* Aim of the exercise
As the answer, set down the lines below from the one containing "Happy Birthday to" through the one containing "Parchment folded to", exactly and inclusively, and no others.

* Provided data
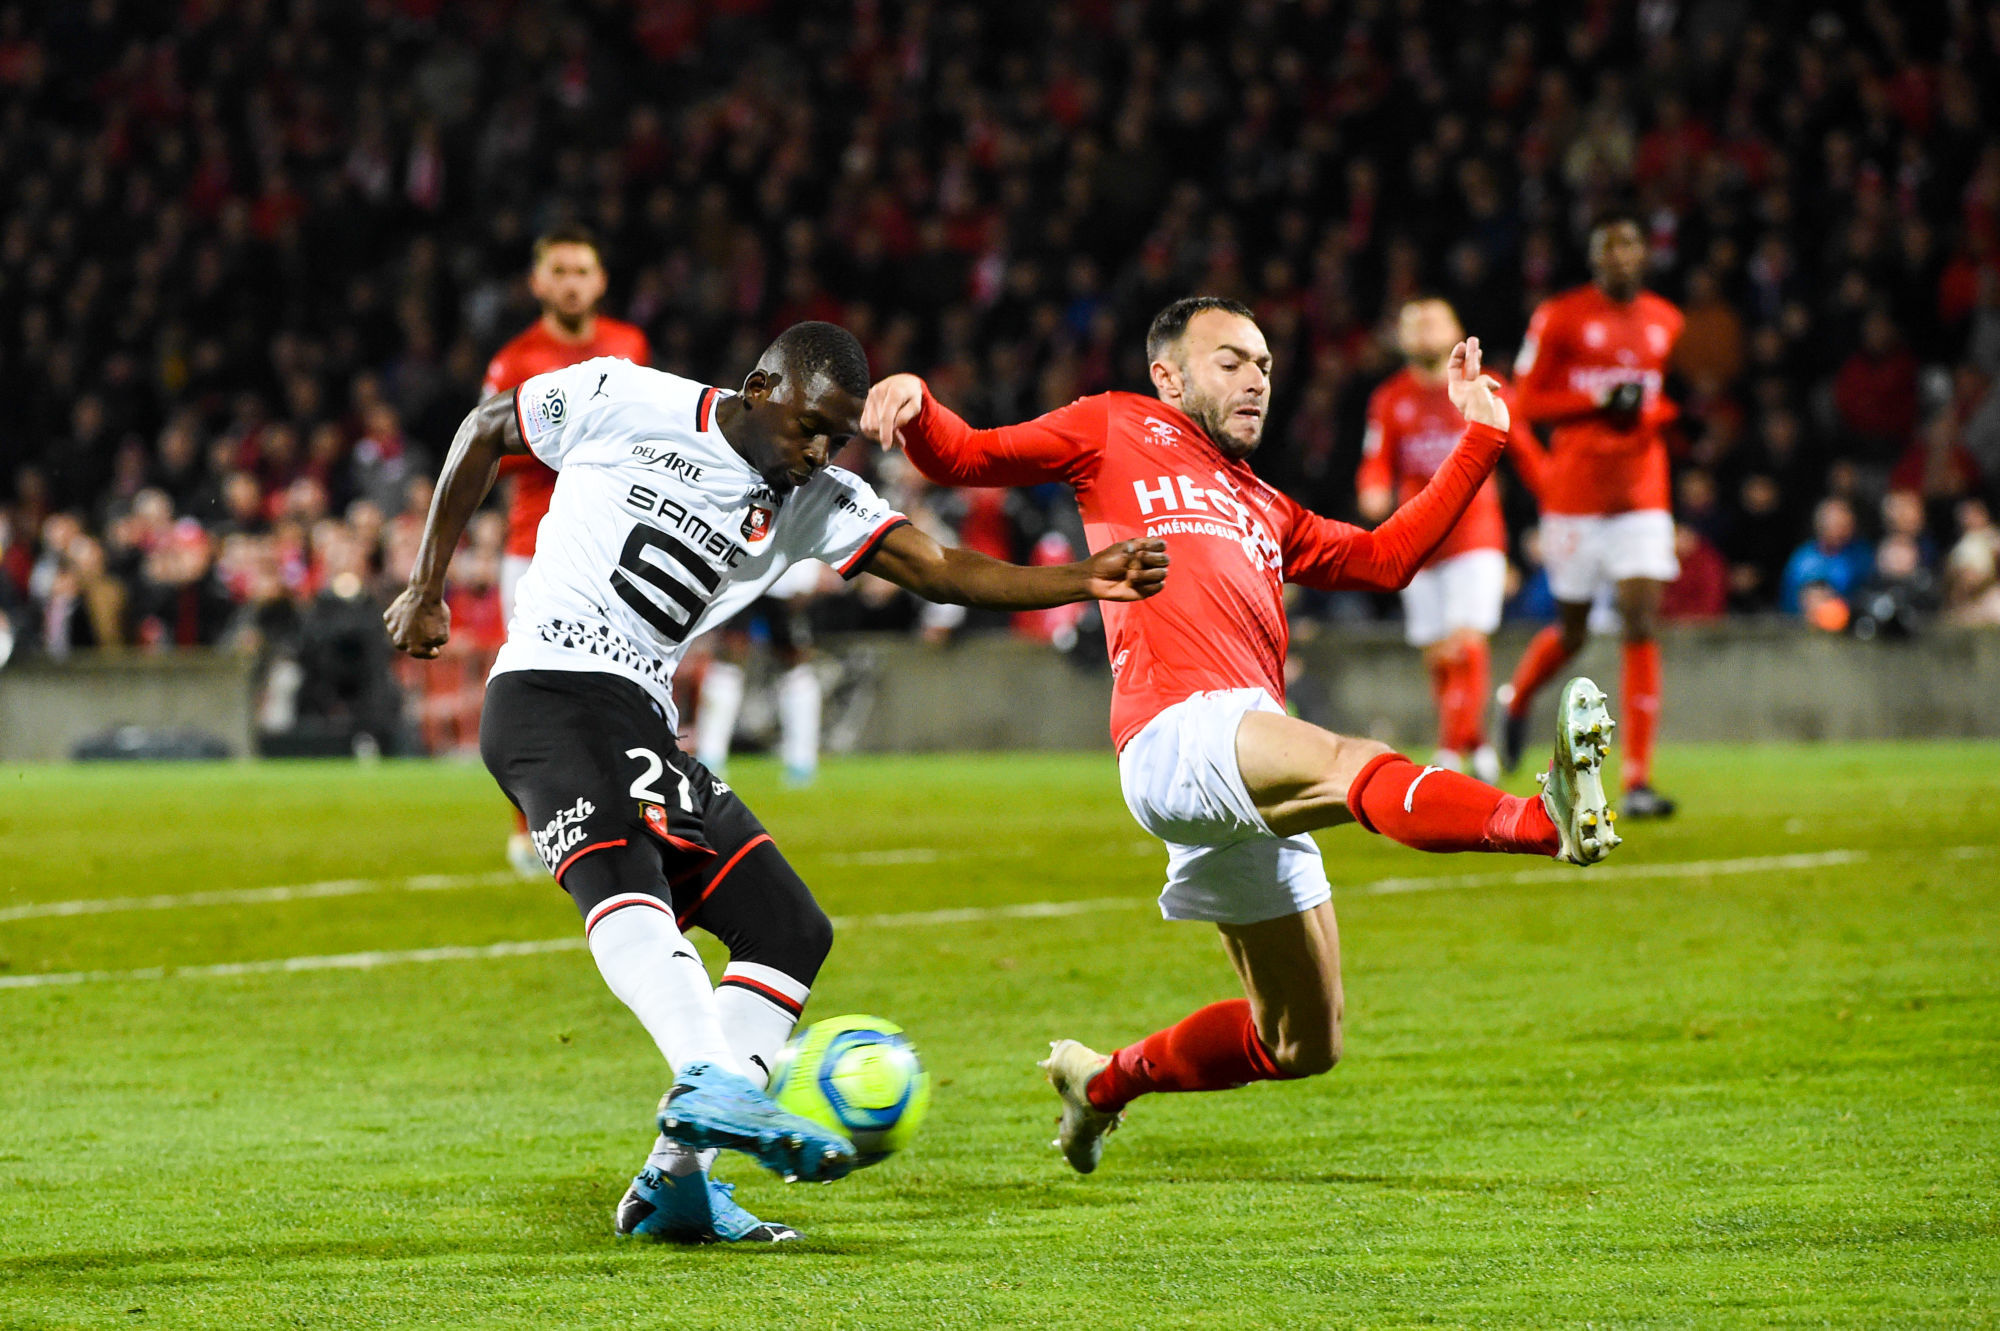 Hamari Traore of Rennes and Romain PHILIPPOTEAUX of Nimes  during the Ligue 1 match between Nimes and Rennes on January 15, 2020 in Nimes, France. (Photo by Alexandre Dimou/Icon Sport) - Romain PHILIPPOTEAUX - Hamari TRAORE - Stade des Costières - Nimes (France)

==

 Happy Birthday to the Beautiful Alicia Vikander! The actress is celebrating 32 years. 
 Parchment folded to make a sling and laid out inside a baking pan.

* Expected answer
 Happy Birthday to the Beautiful Alicia Vikander! The actress is celebrating 32 years. 
 Parchment folded to make a sling and laid out inside a baking pan.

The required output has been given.